A History of the Ministry of Information, 1939-46
There are two main purposes of our propaganda abroad:
A. To make other countries believe that we shall win the war .
B. To make other countries want us to win the war .
A.
The problem of making other countries believe in our victory has its positive side, i.e. to make them believe in our strength , and its negative side, i.e. to make them believe in Germany's weakness .
On the positive side, the creation of belief in our strength has three aspects (i) military (ii) economic (iii) moral.
(i) In the matter of military strength, the eloquence of facts is all important. The success of German propaganda in the first month of the war was mainly due to the concrete fact of the German victories in Poland. The end of the Admiral Graf Spee was probably the most effective piece of British propaganda up-to-date. Even countries whose strict neutrality rules out any expression of opinion in their press cannot exclude facts. Even the enemy cannot suppress facts altogether. But facts only have their full effect if we get the reputation for truth in our announcements. A story which first appears several days after the event often excites scepticism. We should always announce our facts as fully and as promptly as possible and we have lost much through the tardiness of many of our communiqués of military events.
Apart from actual events, official statements of military strength, and especially statistics, are impressive. The glorious national exploits of the past can be discreetly exploited. But here care is necessary. It is a delicate matter to recall exploits achieved at the expense of France, and references to the Spanish Armada are not appreciated in the Spanish-speaking world. Moreover, no encouragement must be given to the view which has obtained some currency in Germany, Italy and even the United States that a glorious past is Britain's chief remaining asset. Anything in the nature of boastfulness should be studiously avoided. Statements that the submarine menace was well under control have more than once been followed by serious losses. This makes a particularly unfavourable impression abroad.
(ii) Economically, facts are once more the most eloquent witnesses, One of the most effective practical methods of propaganda in any country is to be economically strong enough to supply it with commodities which it needs and to purchase commodities which it has to sell. Statistics of production and trade, of supplies of food and raw materials already stored in Great Britain or available in overseas markets under British control, of the tonnage of ships daily reaching British ports in spite of enemy mines and submarines, are everywhere effective. Economic staying power should always be featured as one of Great Britain's surest assets.
(iii) Morally, it is important to stress the voluntary solidarity of the home front, the voluntary solidarity of the British Commonwealth of Nations, and our solidarity with France . 236 - 2 -As regards the first, some play can he made in democratic countries with the free expression of minor differences of opinion, though this theme is better avoided in dictatorship countries, where it is interpreted as a symptom of weakness. As regards the British Commonwealth of Nations, the voluntary nature of the relationship embodied in the Statute of Westminster and of the participation of the Dominions in the war should be stressed. But over-statement must be avoided, and in handling South Africa and India the less rosy shades of the picture must not be passed over in silence. Solidarity with France can be featured everywhere, but must be handled with some restraint in those countries where French policy after 1919 was the object of distrust and suspicion.
The most important moral asset to be emphasised is the firmness of our resolve to win at the cost of whatever sacrifice to ourselves .

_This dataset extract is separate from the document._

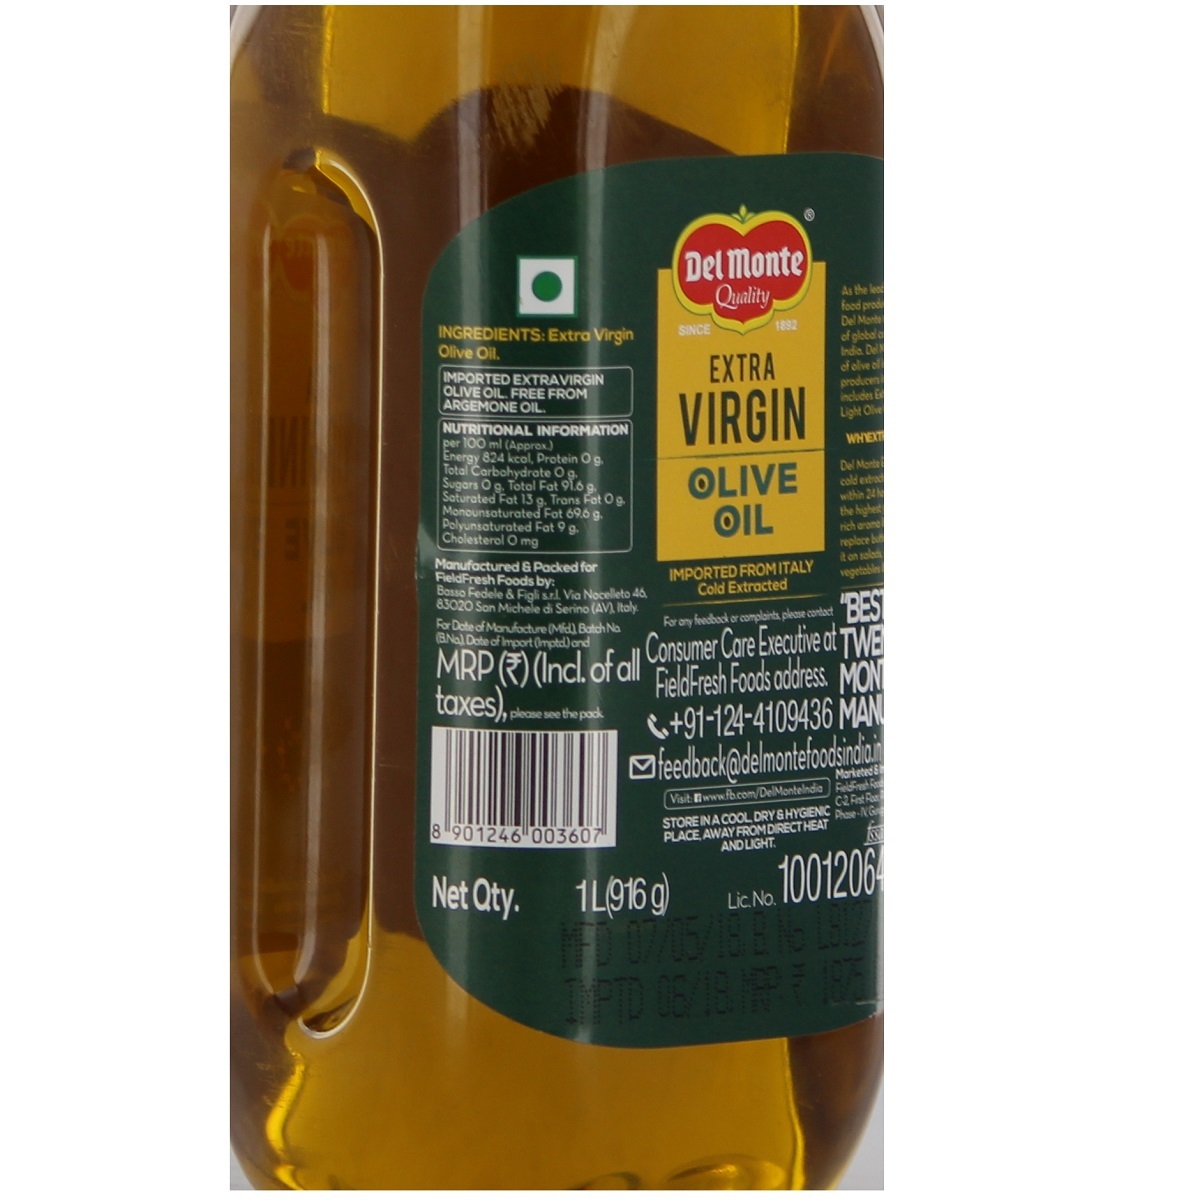 Delmonte Quality Extra Virgin Olive Oil 1Litre
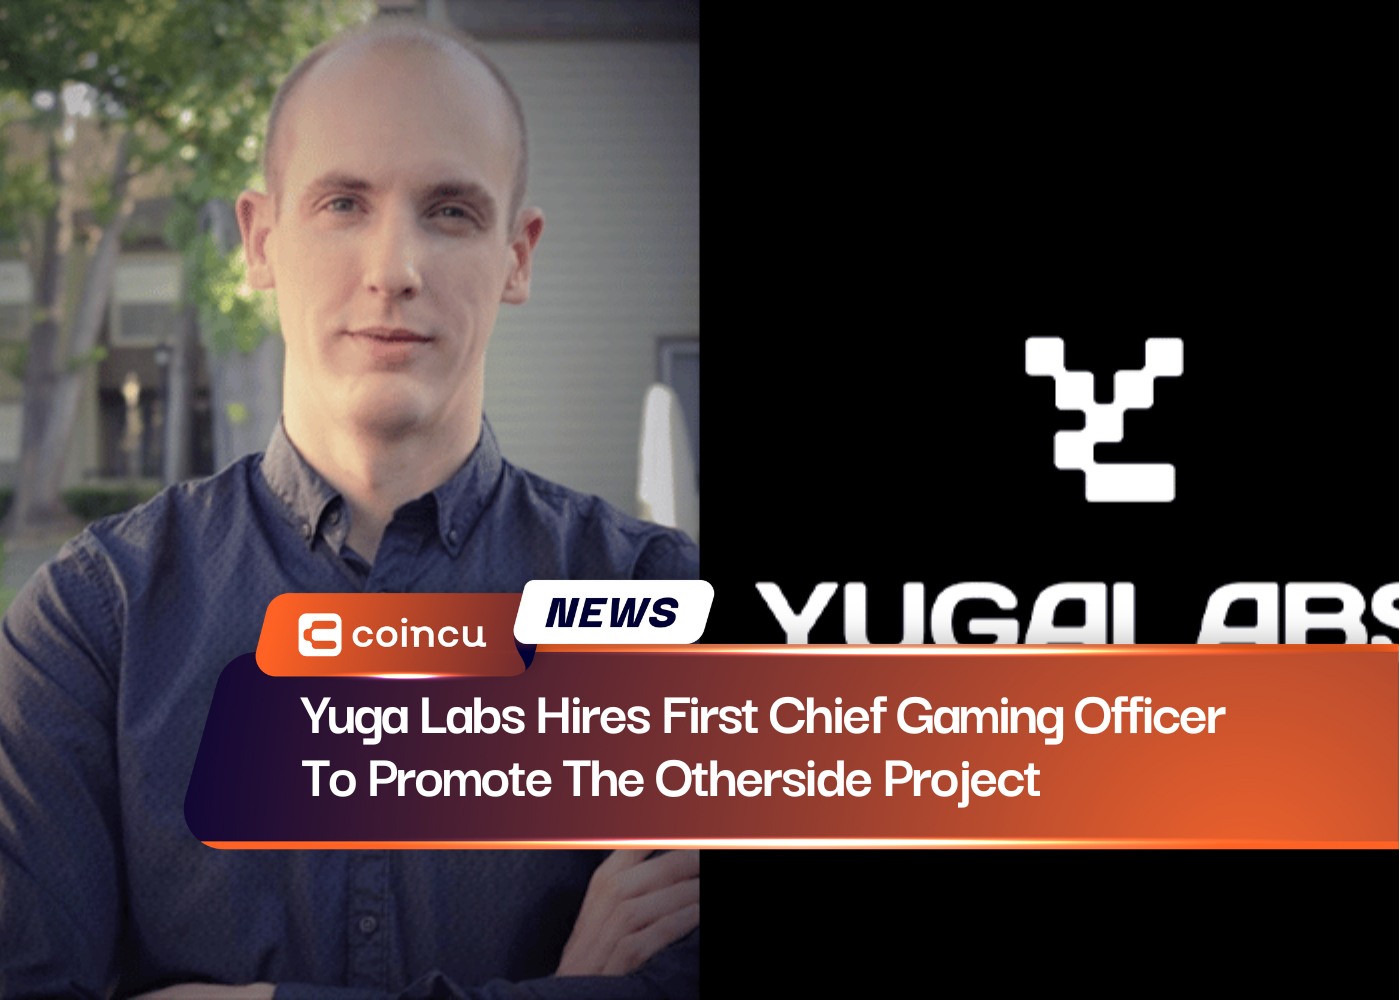 Yuga Labs Hires First Chief Gaming Officer To Promote The Otherside Project

Our publicity should seek to bring into the lime-light the reality of the effort being made by all classes of the British people. The heroism of our navy, our mercantile marine, our air force, will be invoked to appeal to the instinct of hero-worship and spirit of adventure. But this must be matched by the determination of our munitions workers, and the magnitude of their effort (long hours, increased production, abandonment of peace time restrictions) must be shown. The extent to which women have been drafted into industry and agriculture both to increase output and to replace men should be advertised. The introduction of rationing should be treated as a symptom, not of shortage of supplies, but of determination to make any sacrifice in order to utilise supplies to the best advantage of winning the war. The general picture created should be one of ready acceptance of hardship and privation for the good of the cause.
In the same way, it is important to build up a picture of British efficiency . The impression deliberately created by German propaganda before and since the outbreak of war that Britain is a decadent and inefficient nation has unfortunately received much encouragement from the attitude of some organs of the British Press. This impression cannot be removed by words alone. But efficiency in conducting our propaganda is one of the methods by which we can seek to counteract it. So long as British newspapers and periodicals reach neutral countries days or weeks late, so long as British films are almost unknown in neutral picture theatres, we foster the belief in our inefficiency. The recent improvement in the supply of British news and British photographs is an encouraging symptom.
On the negative side, i.e. propaganda designed to convince the world of Germany’s weakness , the some three aspects will be stressed. Germany is militarily weak, economically weak, morally weak.
In the first of these aspects, it will be argued that the Nazi regime has broken up everything that was good in the old German military tradition, and by inculcating everywhere blind, unreasoning obedience has created a machine incapable of producing the individual initiative required in modern warfare. On the economic front, statistics will be piled up showing Germany's dependence on foreign imports, the extent to which these have been cut off by the cessation of Germany's overseas trade, the illusory character of Russian supplies, the tonnage of German ships scuttled or captured, etc.
Morally, stress will be laid on deep-seated disunion in Germany, the suppression of every spontaneous working-class movement, the antipathy between the old military tradition and the Nazi regime. [illegible] necessity of a Gestapo should be adduced as evidence of a lack of spontaneous unity of purpose. Prophecies of an early collapse should not, however, be indulged in. The brutal efficiency of the party machine in forcibly holding together discordant elements and keeping potential unrest in check should be admitted and even emphasised. But this need not prevent us from arguing that in the long run the Nazi regime is inefficient because it is oppressive, corrupt and unpopular.
In order to defeat German counter-propaganda whose theme is Britain's weakness and Germany's strength, it is of the utmost importance to destroy its credit by representing it as false and misleading.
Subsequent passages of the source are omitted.